*** DATASET SECTION ***

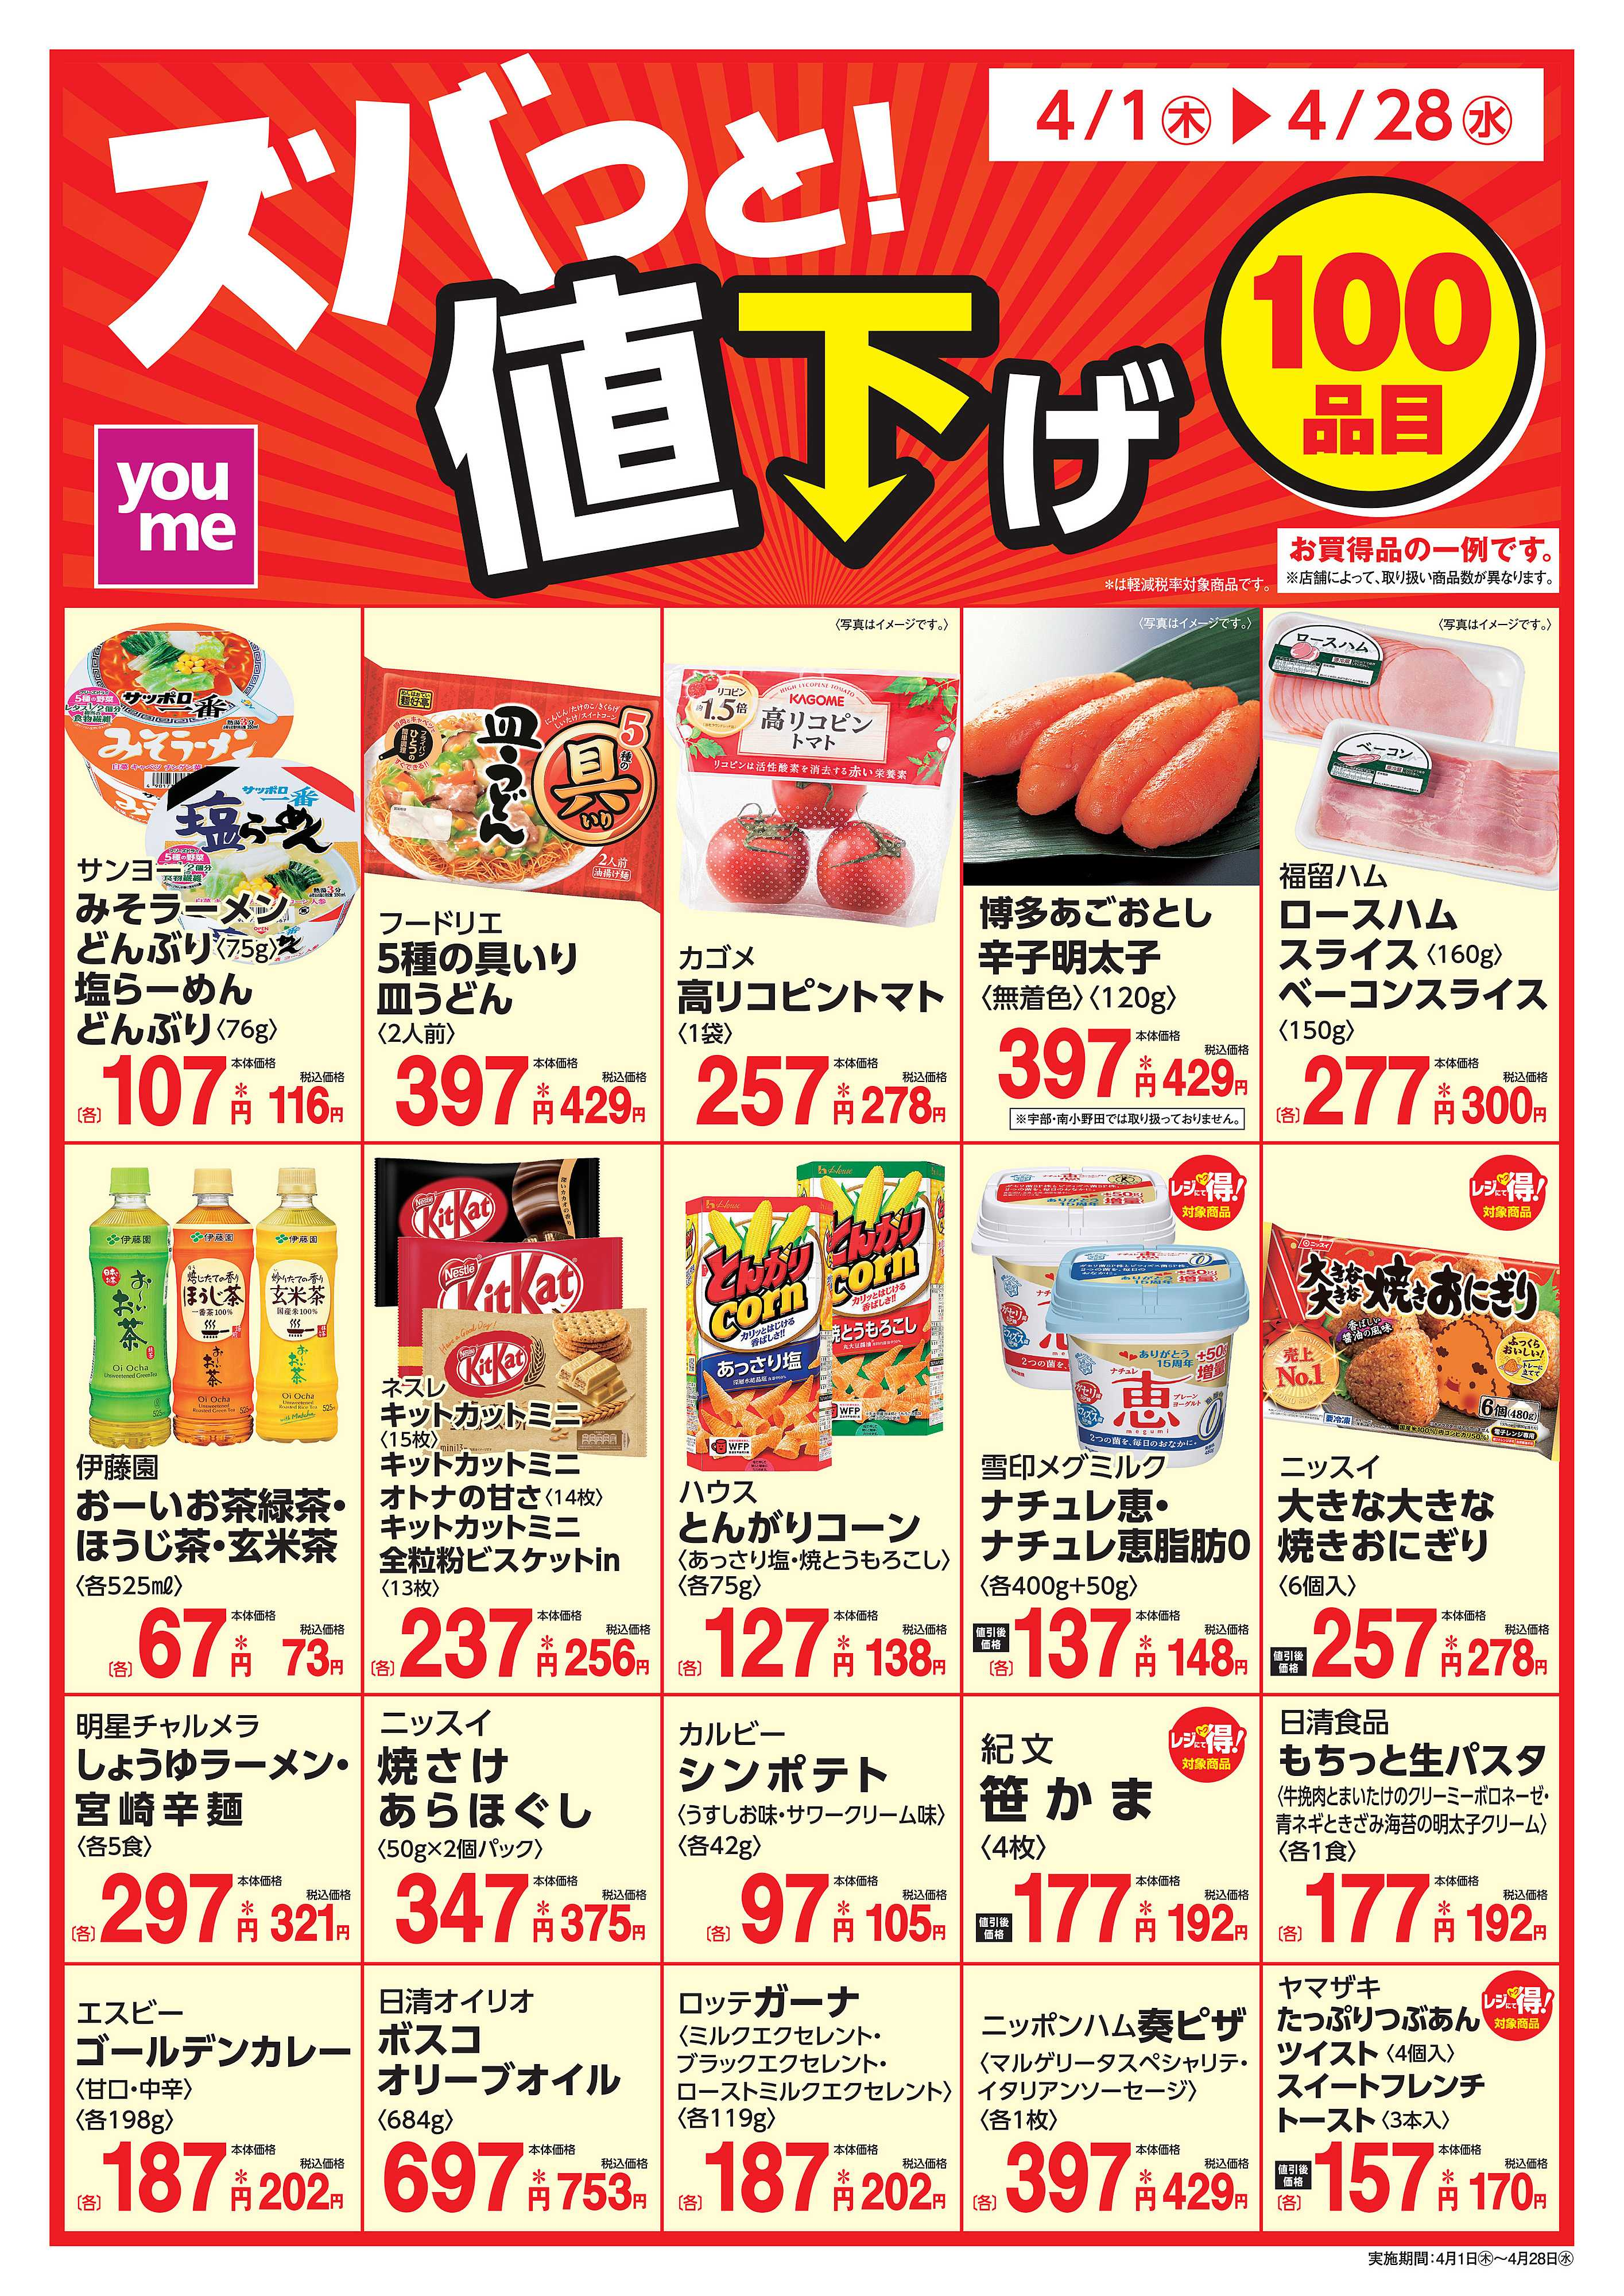 ゆめマート 4/1~4/28 ズバっと!値下げ
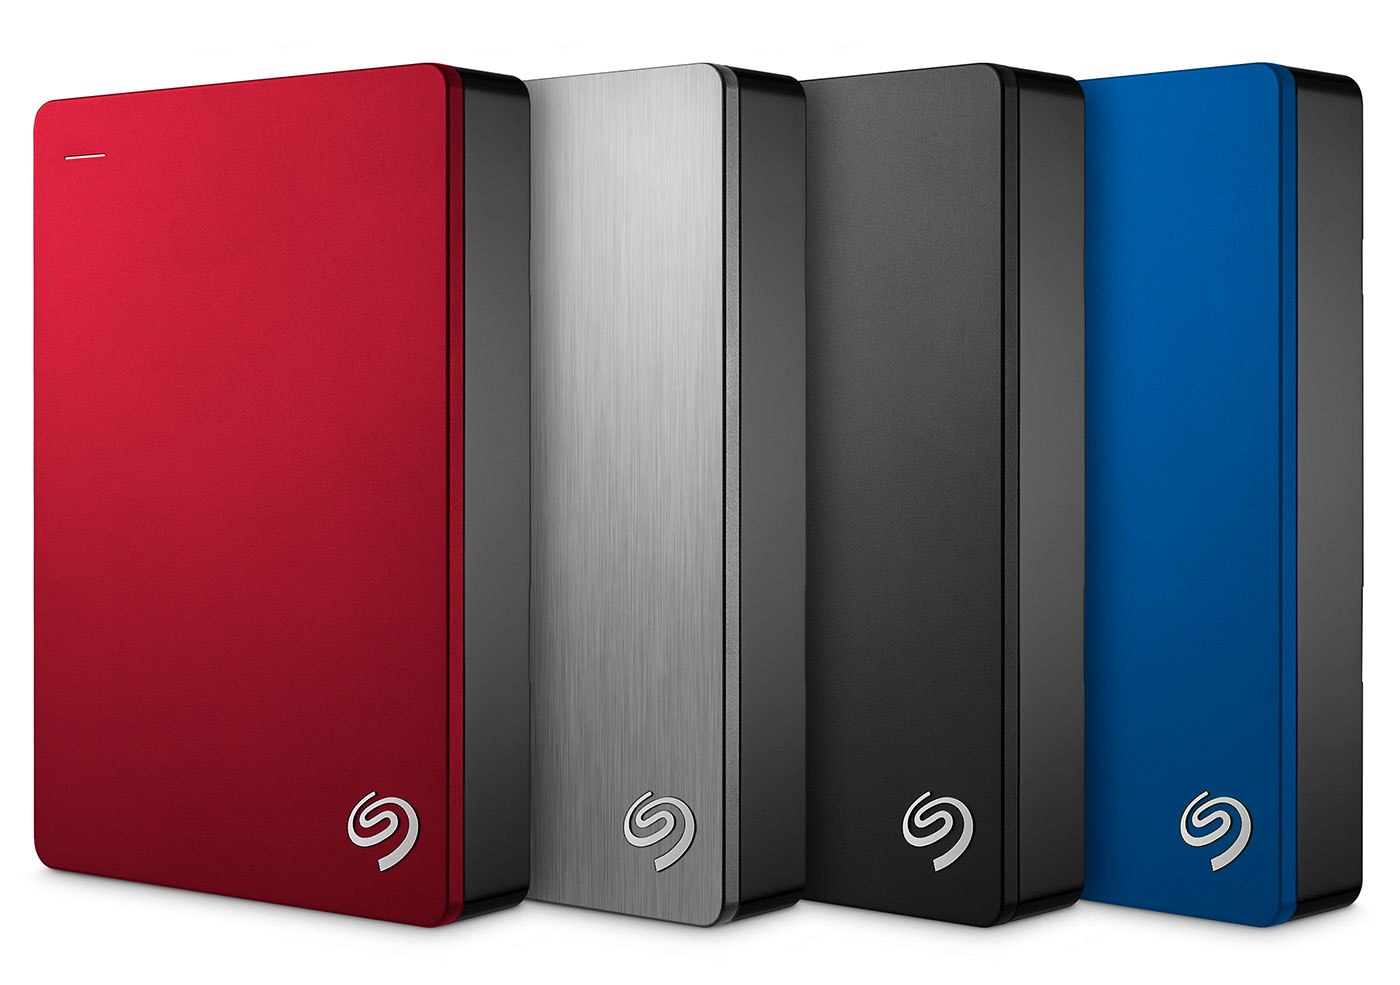 backup-plus-portable-5tb-family-hi-res
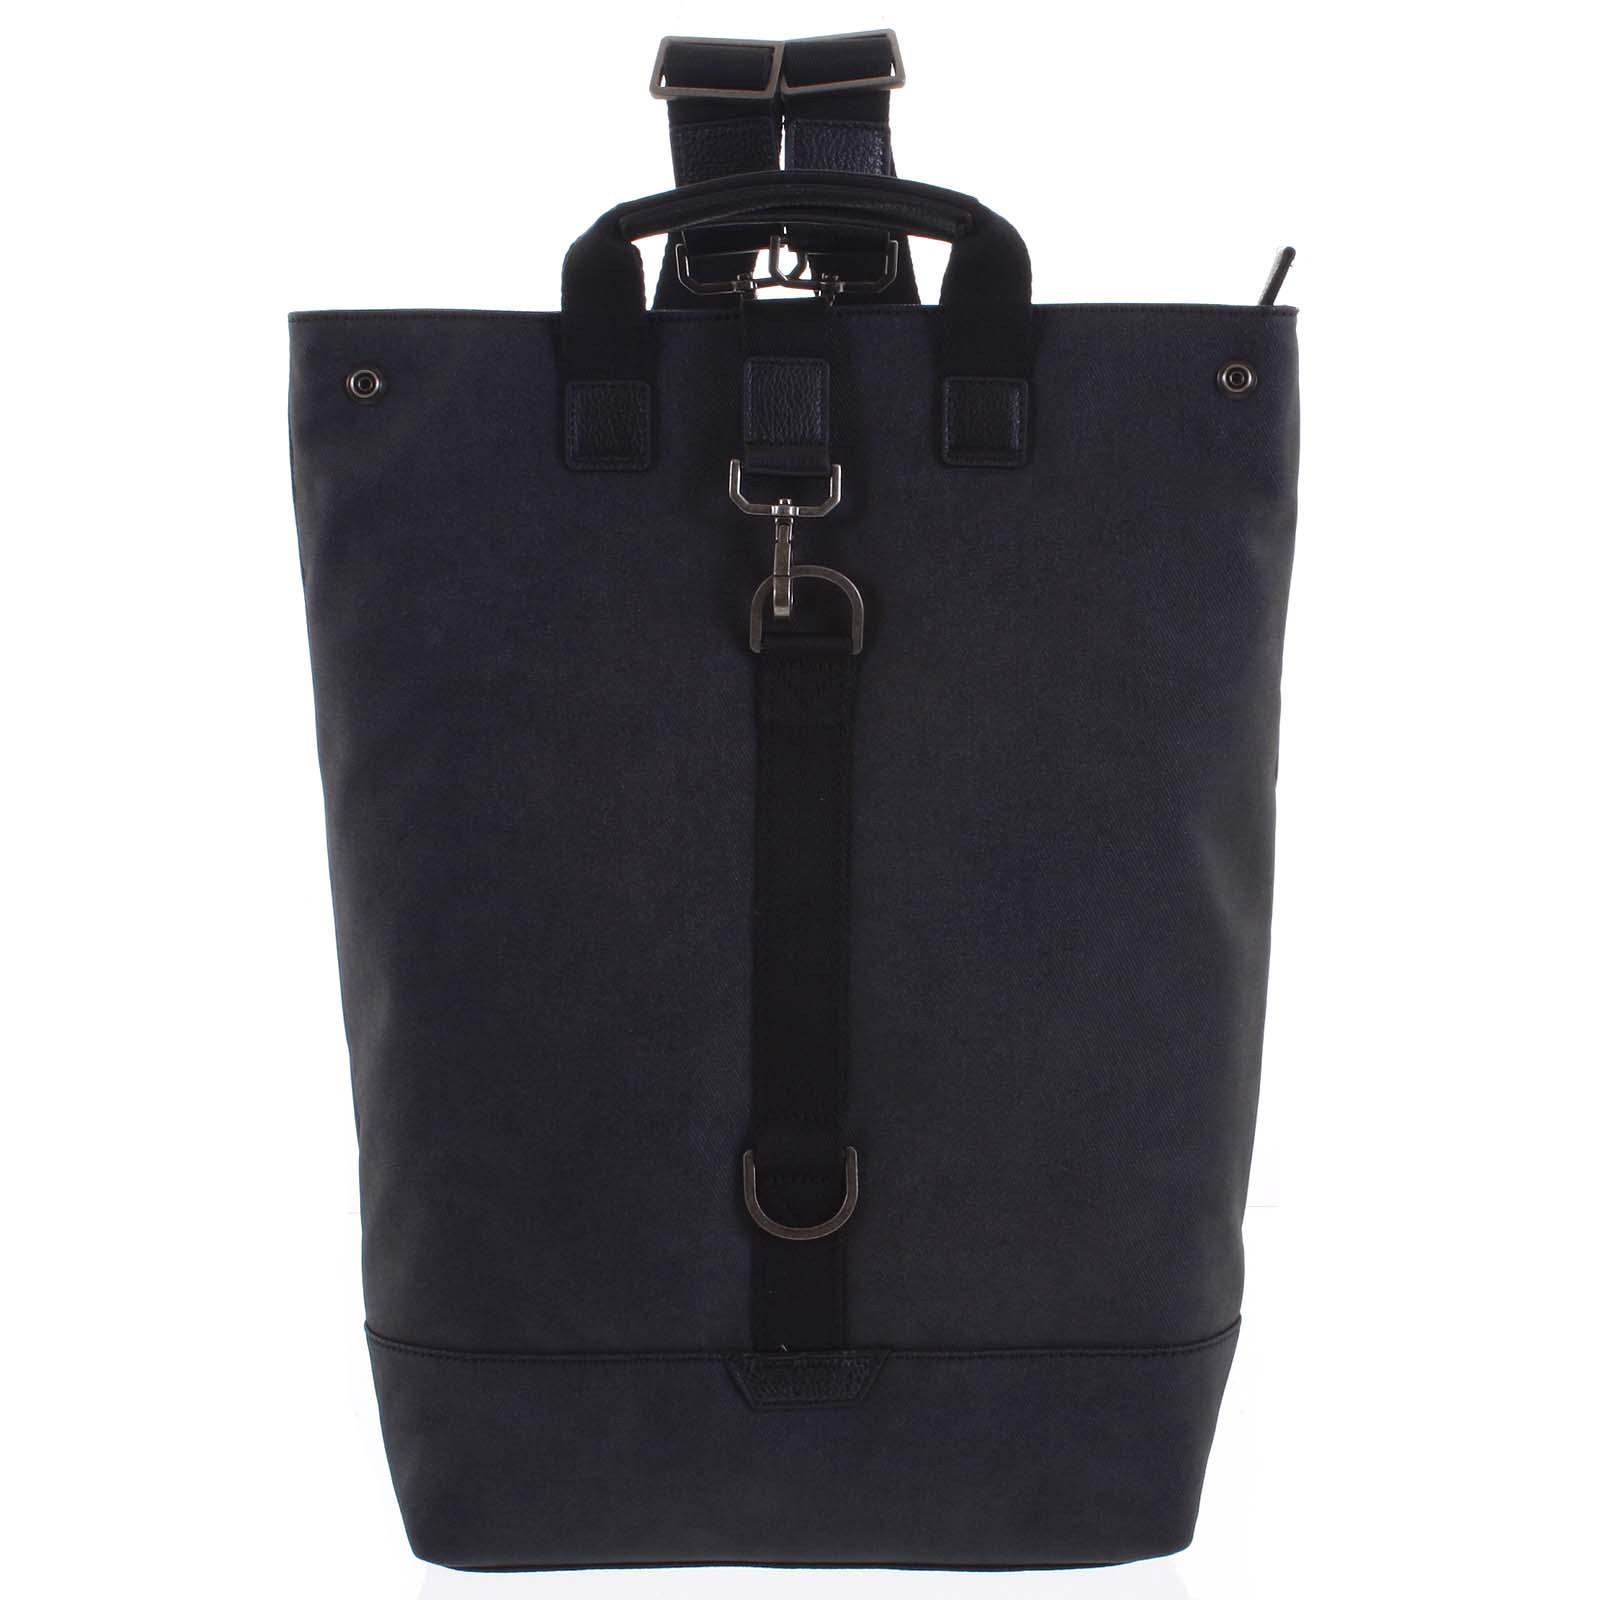 Pánsky veľký batoh čierny - Hexagona Adrien

*** End of DATASET SECTION ***

### WORK TASK
Write out every line above exactly, minus images.

### EXERCISE ANSWER
 ゆめマート 4/1~4/28 ズバっと!値下げ
 backup-plus-portable-5tb-family-hi-res
 Pánsky veľký batoh čierny - Hexagona Adrien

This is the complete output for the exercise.